New Delhi: The Reserve Bank of India left policy rates untouched Wednesday, saying the “nascent recovery” needs to be carefully nurtured. The central bank also stressed on the need to push growth through stable financial management.
The Monetary Policy Committee kept the short-term lending rate at 6 per cent in its sixth bi-monthly policy review of the fiscal year.
While the repo rate is at a seven-year low, the reverse repo rate also remained unchanged at 5.75 per cent. The central bank last cut the key lending rate by 25 basis points in August 2017.
The central bank has raised its inflation forecast for the fourth quarter of the fiscal to 5.1 per cent from 4.3-4.7 per cent in the second half of the fiscal.
The RBI, in its bi–monthly monetary policy statement, forecast headline inflation to be in the range of 5.1 to 5.6 per cent in the first half of FY 19, thereby breaching its medium term target of 4 per cent.

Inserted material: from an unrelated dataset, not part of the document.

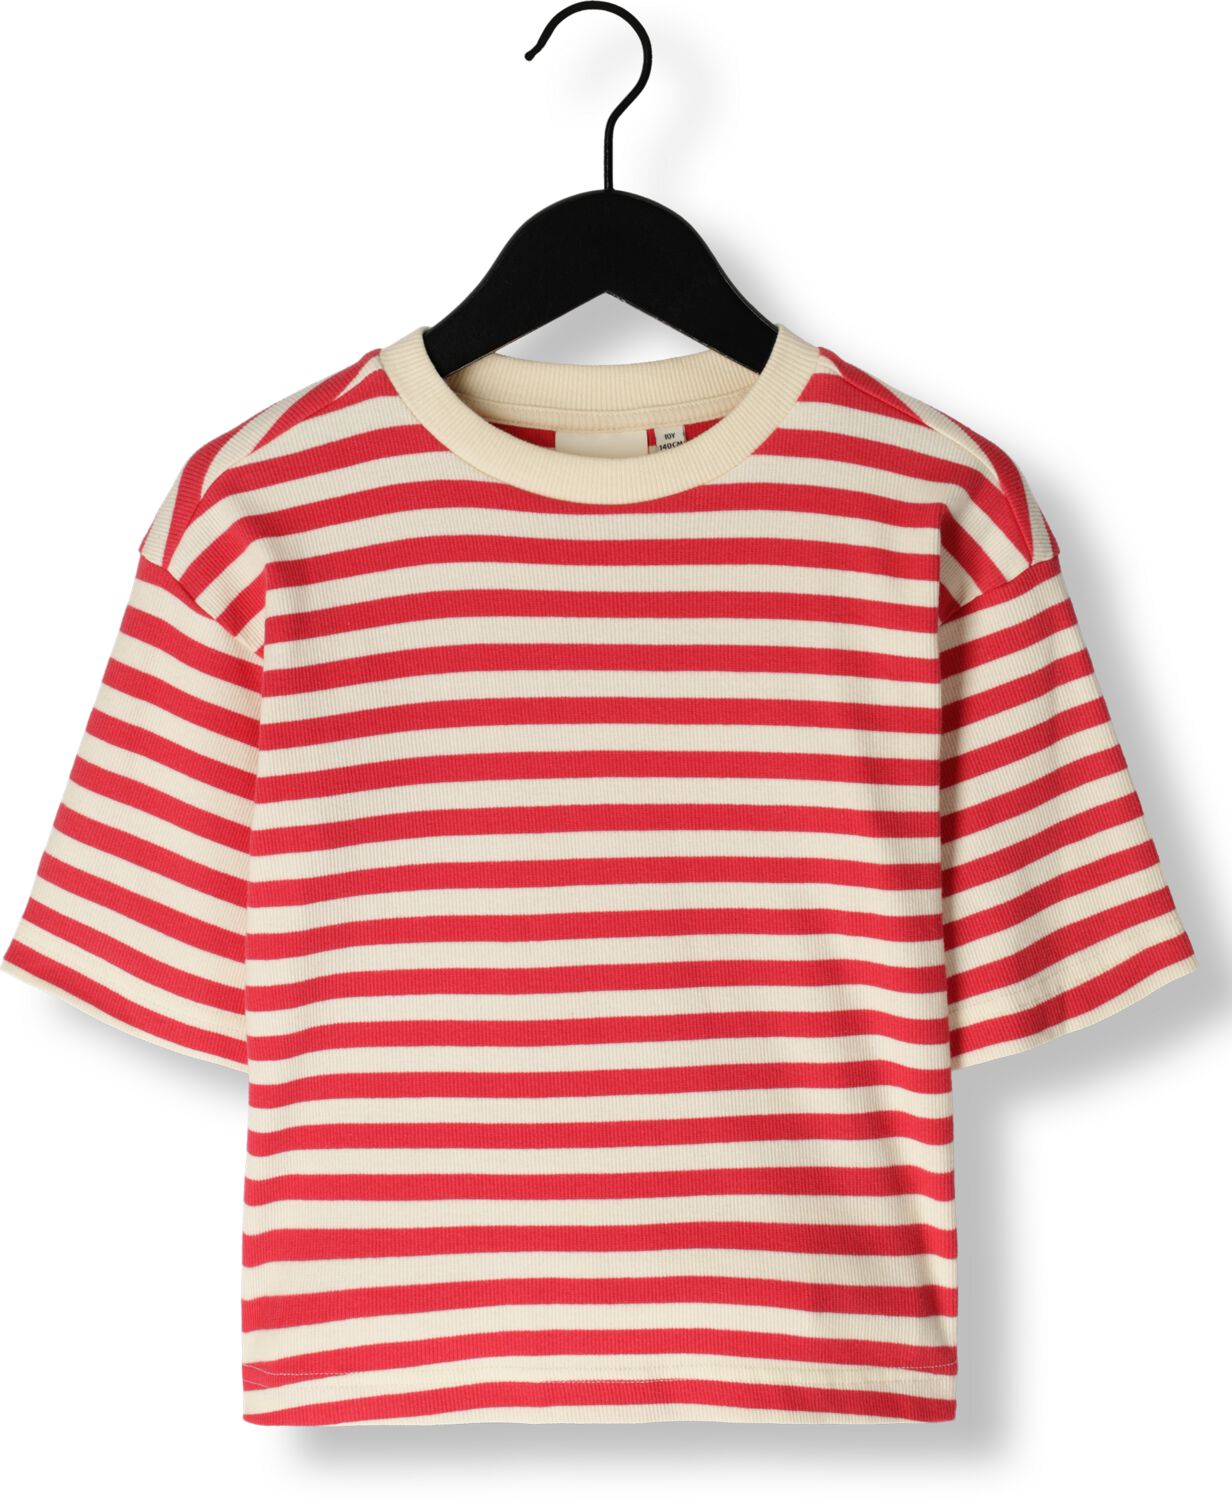 SOFIE SCHNOOR Meisjes Tops & T-shirts G241217 Rood
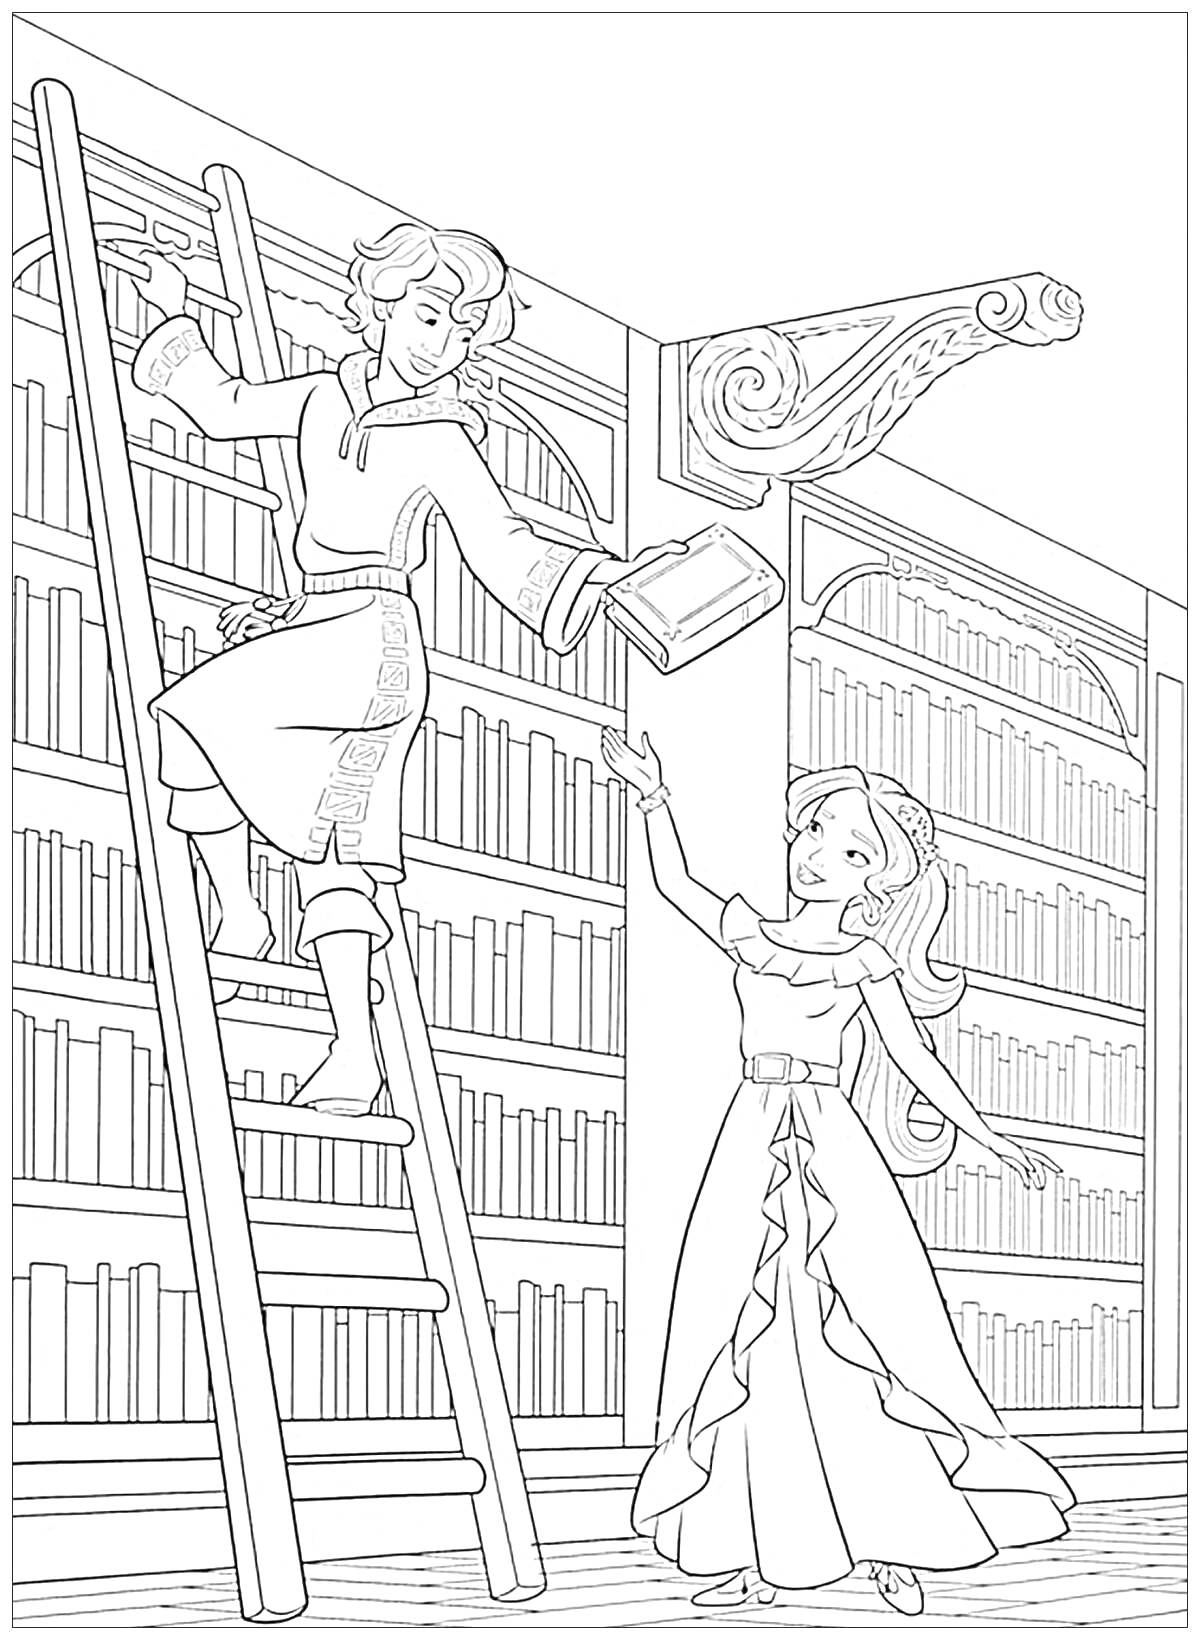 Раскраска Парень на лестнице передаёт книгу девушке в длинном платье в библиотеке

The central bank noted that the economic recovery is on a stable path, but said upside risks to inflation persist. The RBI says this is driven by an increase in house rent allowance (HRA) in some states, rising crude oil prices, and overspending by the central government.
The government has overshot its fiscal budget target for fiscal 2017-18 and raised the deficit targets for fiscal 2018-19.
The RBI now sees second-half inflation for fiscal 2019 in the range of 4.5 to 4.6 per cent on the back of a softer food inflation forecast, and the assumption of a normal monsoon.
“To tame possibility of inflation, RBI needs to develop the conviction of asking banks to lend against infrastructure projects at subvention rates of interest. Merely worrying about inflation, and not bringing down the cost of funds for infrastructure projects is preventing private investments. Without adequate infrastructure, supply constraints can’t be removed and so the inflation,” said Deven R. Choksey, MD of KR Choksey.
The Gross Value Added (GVA) projection for fiscal 2018-19 stands at 7.2 per cent. For the fiscal 2019, the RBI sees first-half GVA ranging between 7.3 to 7.4 per cent and 7.1 to 7.2 per cent in the second half. The stabilisation effect of GST and early signs of revival in investment will influence the revival in GVA, the central bank said.
In addition, the recapitalisation of banks and large distressed borrowers being referred to Insolvency and bankruptcy code will further improve credit inflows and lead to fresh investment in the economy.
On the issue of rising bond yields, which have been on the rise and have reached a staggering 7.56 per cent from 6.4 per cent, RBI governor Urjit Patel said, “The firming of yields abroad because of the changes in the stance of the systematic central banks, especially the US Fed, and other fiscal developments in the US have been significant.”
Over the last six weeks the US 10 year yields have hardened by 40-50 basis points. Moreover, over the last six months, domestic inflation has increased, mostly because of hardening of crude oil prices.
On the domestic front, because of an uptick in economic growth, there are now competing demands for financial capital, which puts upward pressure on all returns. Adding to it, the development on the fiscal side, where there is fiscal slippage at three levels has all been factored in to increase the bond yields.
“Apart from a policy move, bond markets were awaiting some guidance or steps from RBI to address rise in bond yields. However, the RBI has cleared that its liquidity infusion process is largely agnostic to asset prices and they will consider infusion depending upon evolving liquidity conditions . The market hopes on OMO purchases remains unmet as of now,” said Kunal Shah, Fund Manager – Debt, Kotak Mahindra Life Insurance Limited.
“We see 10 year yields in the range of 7.30-7.60 per cent till year end and markets will closely watch movement of crude oil prices, formulae used for cost of production for MSP hikes and signals/actions from RBI and government on elevated bond yields.” he said.